Description of the task:
Starting at the line that contains "Chương trình Ngày", transcribe each line through the end of the material below, exactly and nothing else, leaving out the pictures.

Supplied material:
===

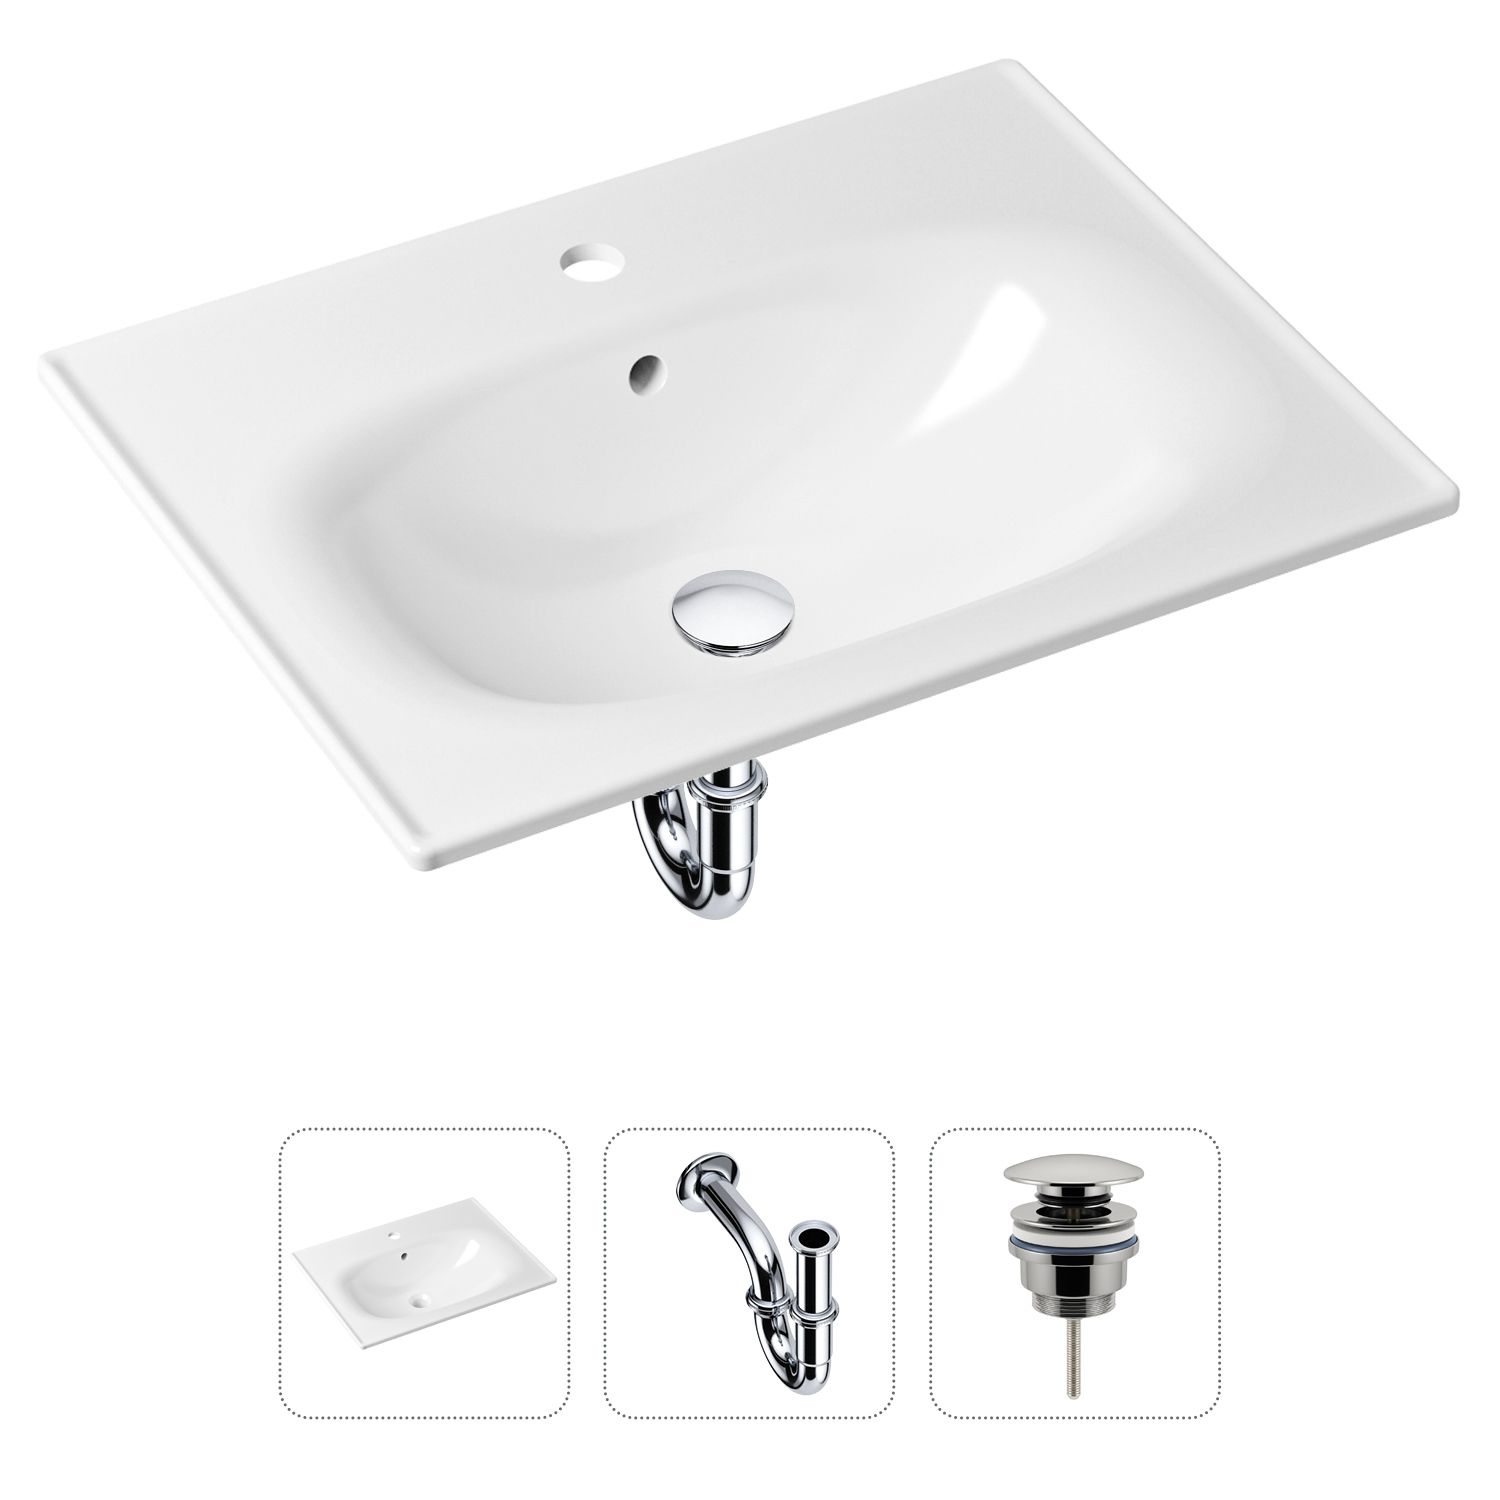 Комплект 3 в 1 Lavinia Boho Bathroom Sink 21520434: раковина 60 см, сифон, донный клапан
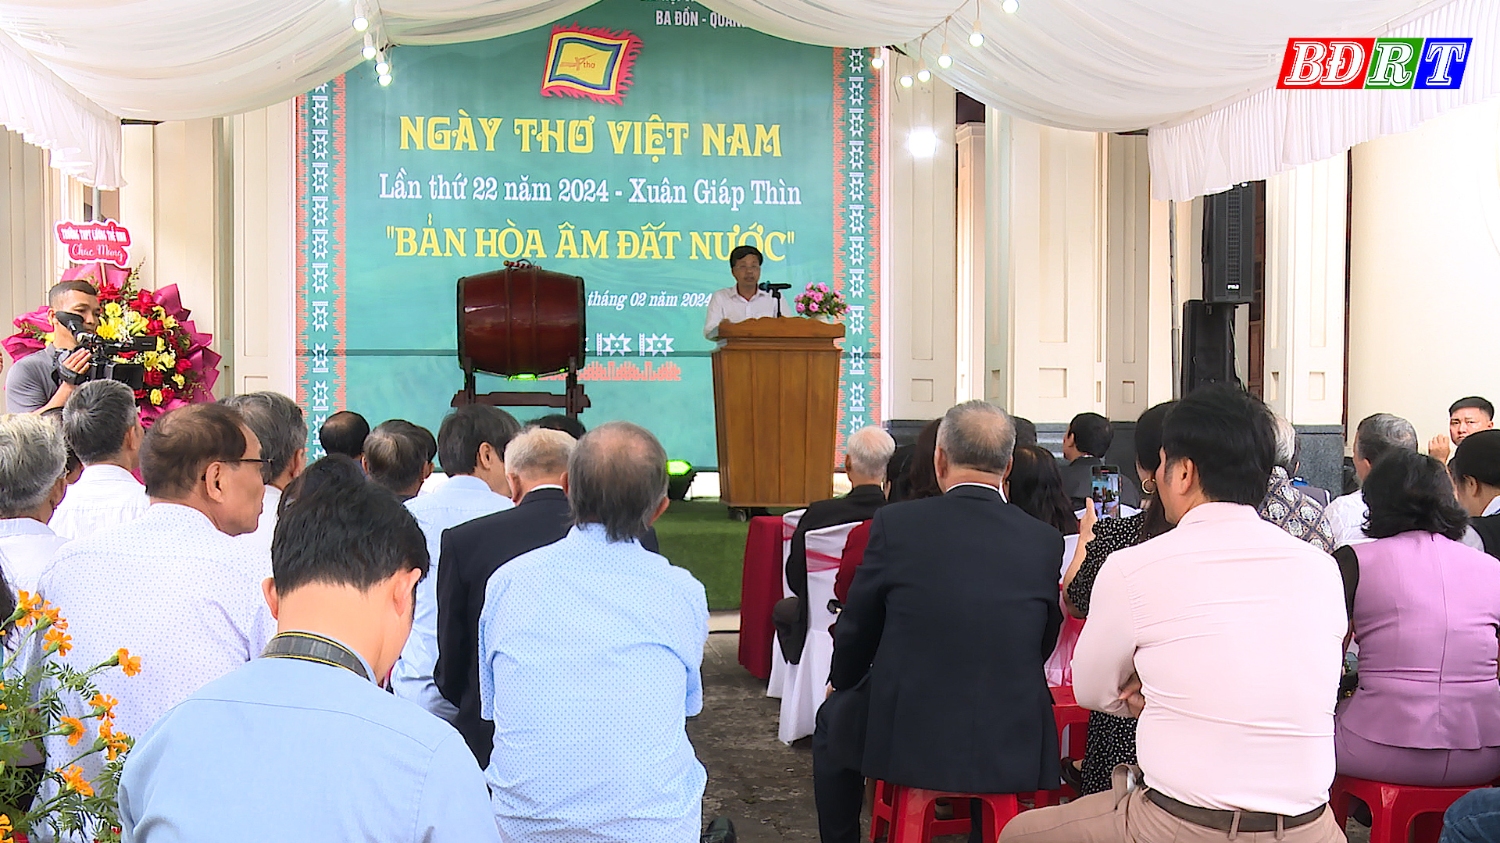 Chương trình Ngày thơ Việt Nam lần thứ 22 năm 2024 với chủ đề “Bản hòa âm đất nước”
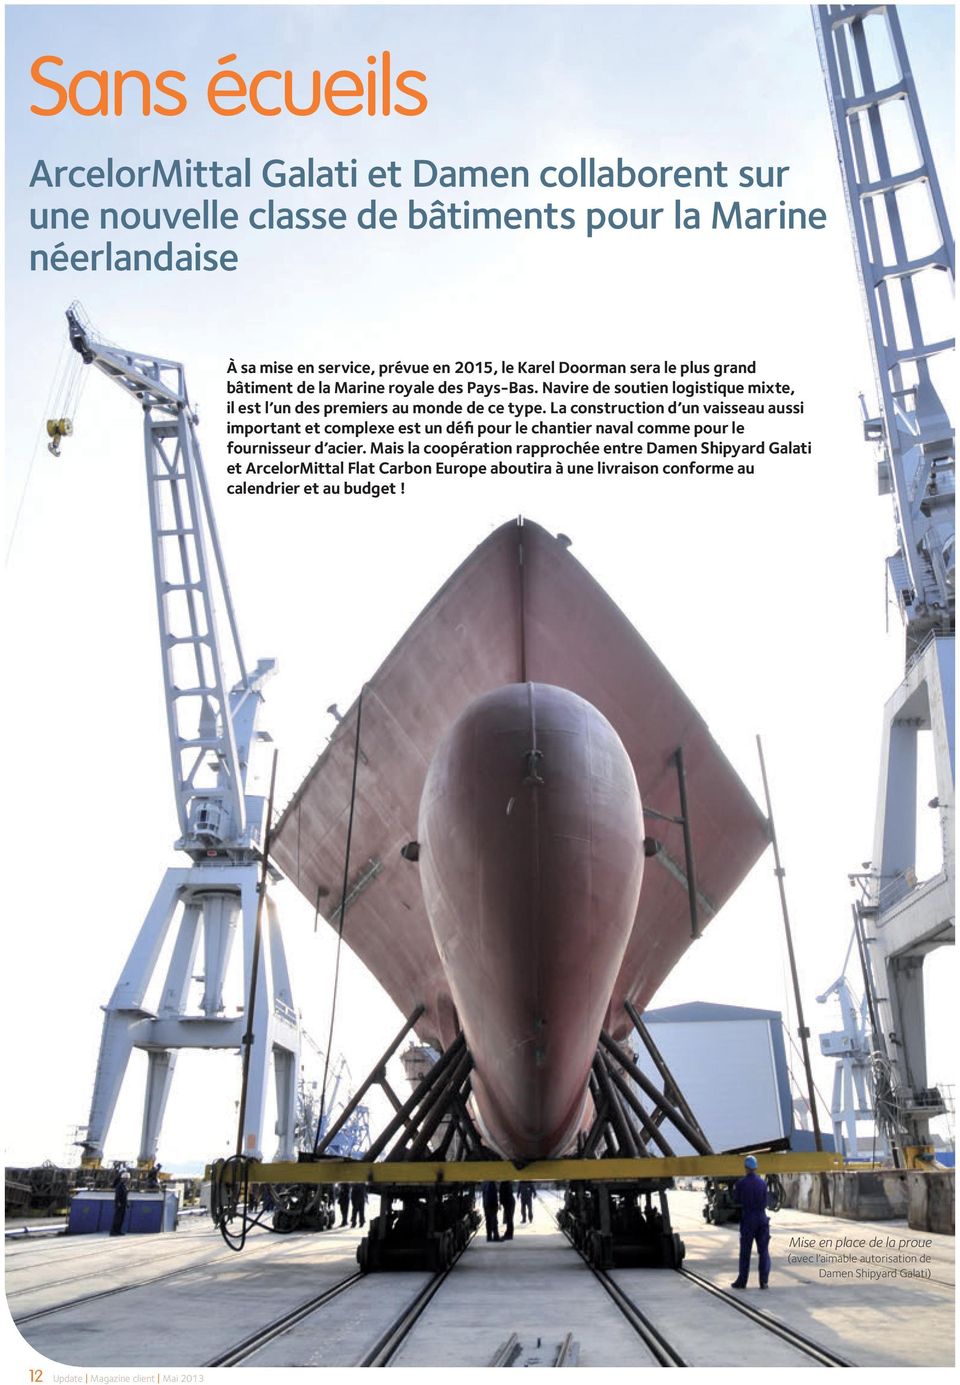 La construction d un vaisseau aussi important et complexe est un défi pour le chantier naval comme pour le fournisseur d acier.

===

Response to the exercise:
 Chương trình Ngày thơ Việt Nam lần thứ 22 năm 2024 với chủ đề “Bản hòa âm đất nước”
 La construction d un vaisseau aussi important et complexe est un défi pour le chantier naval comme pour le fournisseur d acier.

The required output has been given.